Have been running the ESPlanner numbers on an IRA conversion to a Roth to take advantage of the lifting of the income limits in 2010. One of my key assumptions has been that income tax rates will have to increase substantially in the future, which generally makes the conversion option look good. But what if instead a federal consumption tax is imposed, such as the Fair Tax that Dr Kotlikoff has researched and supported, or some other version of a Value Added Tax? Is there a way to model a new consumption tax in ESPlanner, in particular as to how it affects a Roth conversion decision (not to mention determining such a tax's impact on our overall personal consumption situation). I just read yesterday that a prominent economist was "concerned" about the increasing prospects for a new Value Added Tax and its affect on prices and growth. And I saw that the Tax Governance Institute reports that 75% of senior business execs expect a US VAT within 10 years, with most of them expecting a new VAT tax within 5 years. So there seems to be something in the wind on this. We are a retired couple and 80% of our wealth is in tax deferred accounts, so this Roth decision is paramount for us this year.

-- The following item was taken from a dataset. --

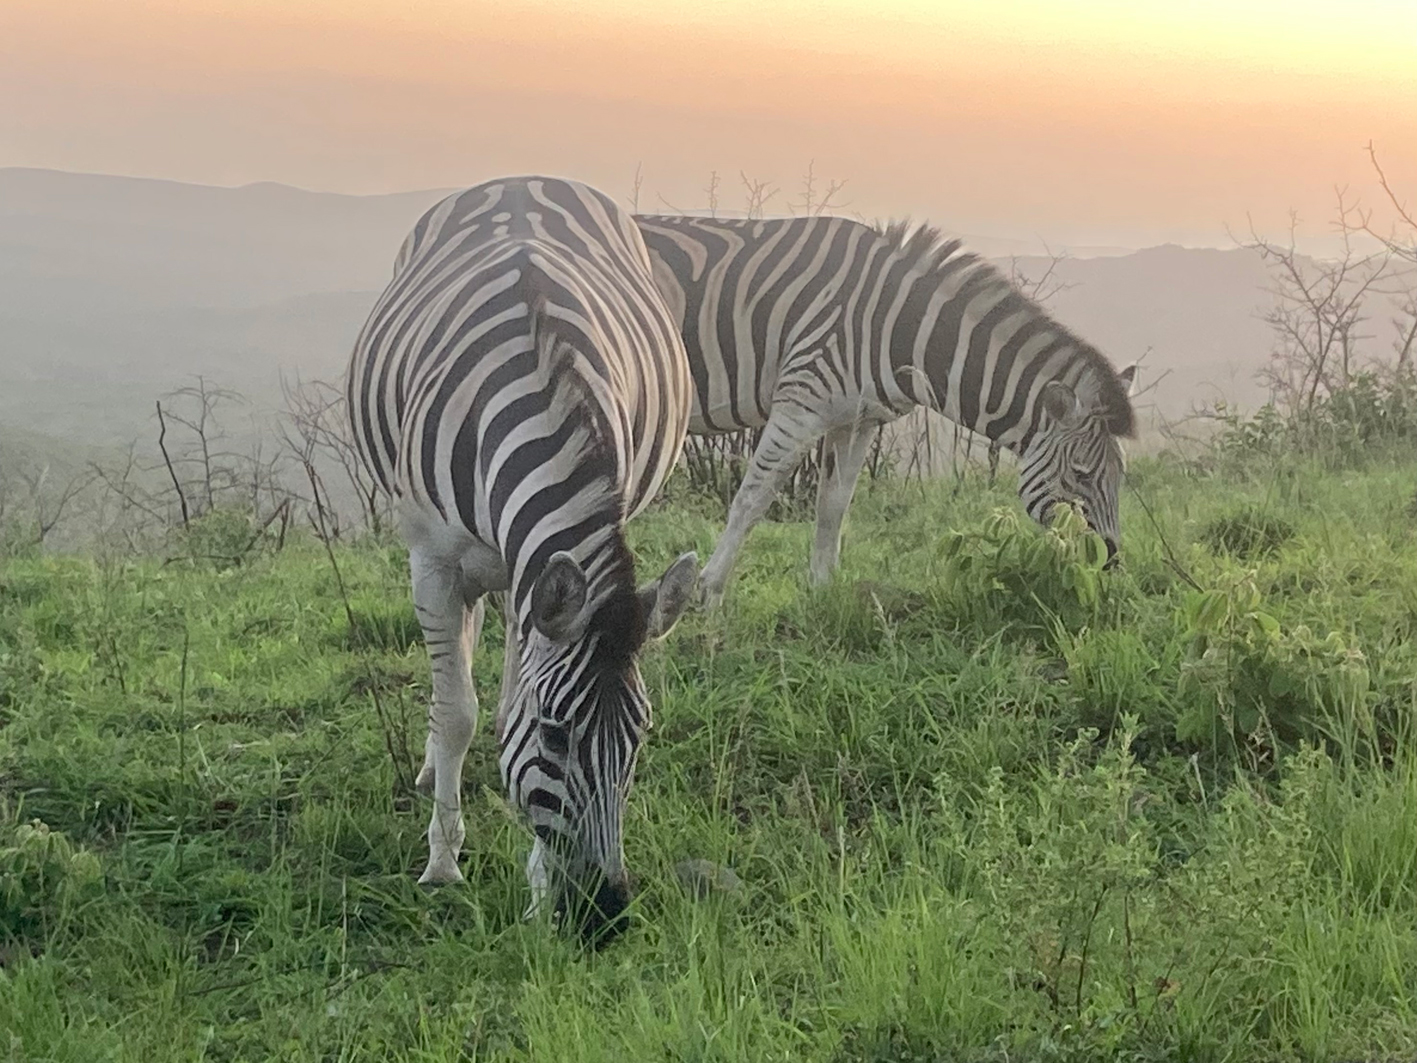 Freilebende Zebras, fotografiert im naheliegenden Nationalpark Hluhluwe.

Peter, This is a valid concern. A 15 percent VAT needs to be modeled as reducing your living standard each year by 15 percent. I.e., you need to multiply consumption as well as your living standard by .85 to understand where you'll really be with respect to your real purchasing power and real living standard.

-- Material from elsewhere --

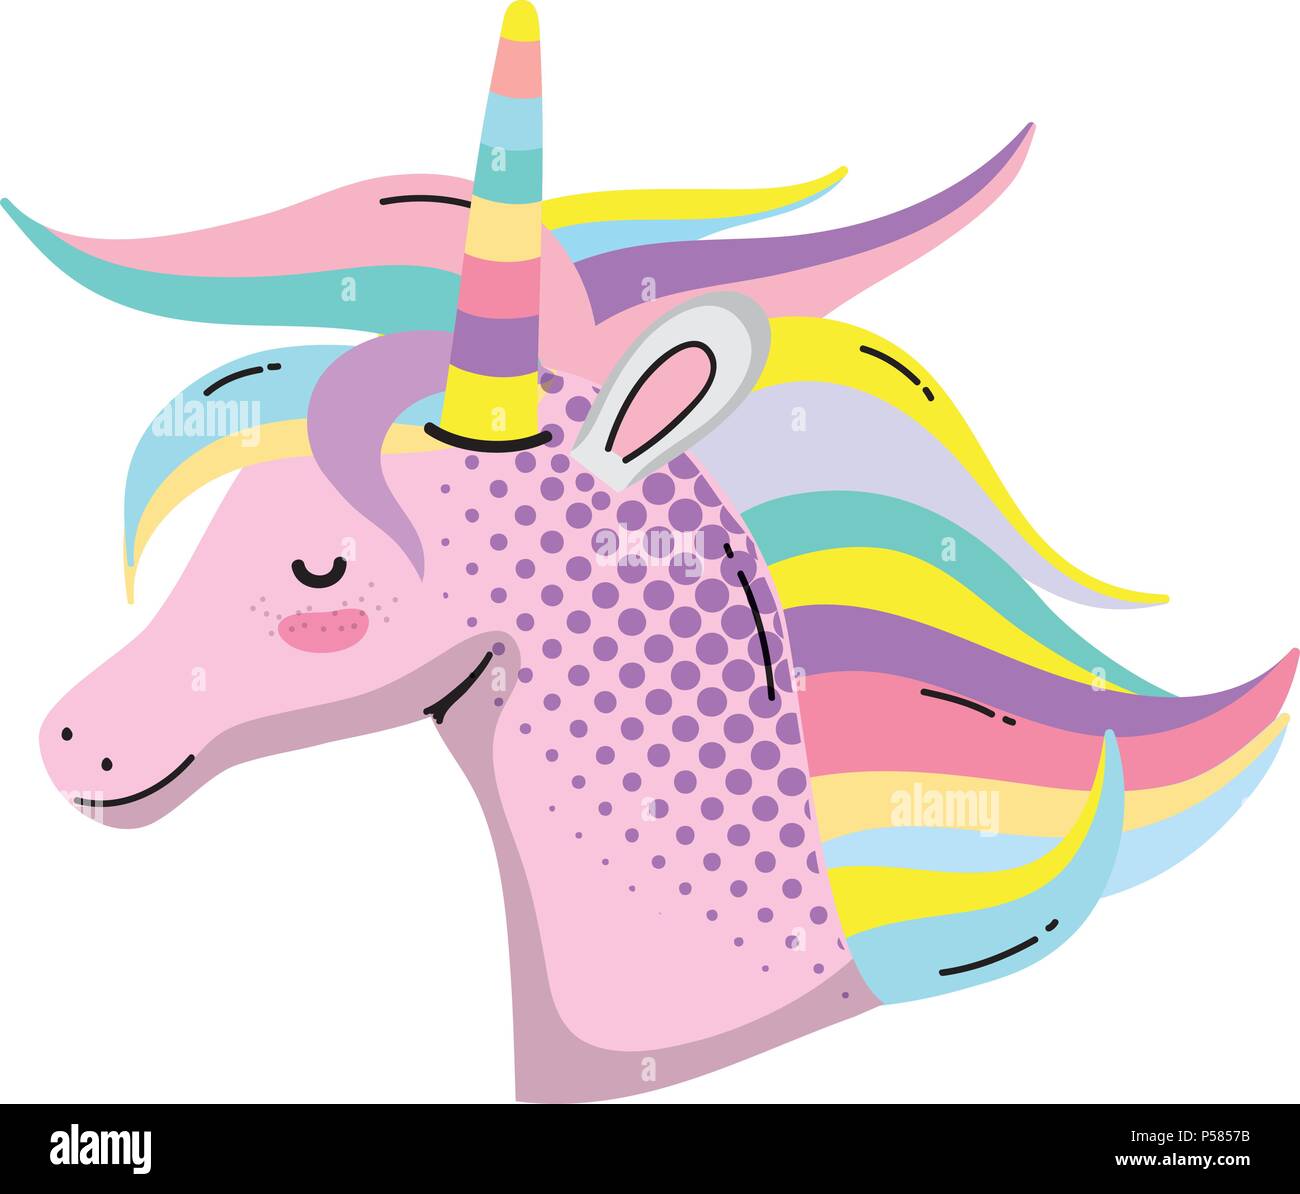 cute unicorn head with hair and horn vector illustration Stock Vector ...

I'm not sure that a VAT would affect the Roth vs. Non-Roth issue. Money coming out of a Roth that is spent will get hit by the VAT. And money that comes out of, say, a traditional IRA, will get hit by the income tax and then by the VAT.

best, Larry


I think the VAT would affect the Roth/no Roth conversion decision only when I'm assuming an increase in future tax burden (income tax plus VAT). If I assume the full increase in our future tax burden flows through the income tax only (no VAT), which ESPlanner is nicely designed to handle and is the way I had been modeling higher taxes, then that makes the ROTH conversion look better than if I assume some of that same total increased tax burden flows through a VAT.

The approach I used to model the VAT effect I think is consistent with your suggestion. I compared converting $500k to a Roth over three years (2009, 2011 and 2012) under two was that Fed and state income taxes increase 40% in 2015 with no VAT. The second was that fed income taxes remained stable and the same incremental tax burden increase was captured in a new VAT in 2015. It's been a while but I think I calculated the new VAT burden on ESP consumption as 40% x 23%, or about 9% (I think 23% is the approximate VAT needed to fully replace replace the federal income tax) I modeled this in ESPlanner by increasing the living standard index to 109 in 2015 and all years thereafter. (also increased special expenses by 9%) For us the result was about 2.5% living standard increase from the Roth conversion assuming no future VAT, and a zero impact if we assume all tax increases are through a VAT. So it appears that the conversion is still the way to go for us, even though a VAT vs no VAT world has a significant impact on our achievable living standard using a Roth conversion.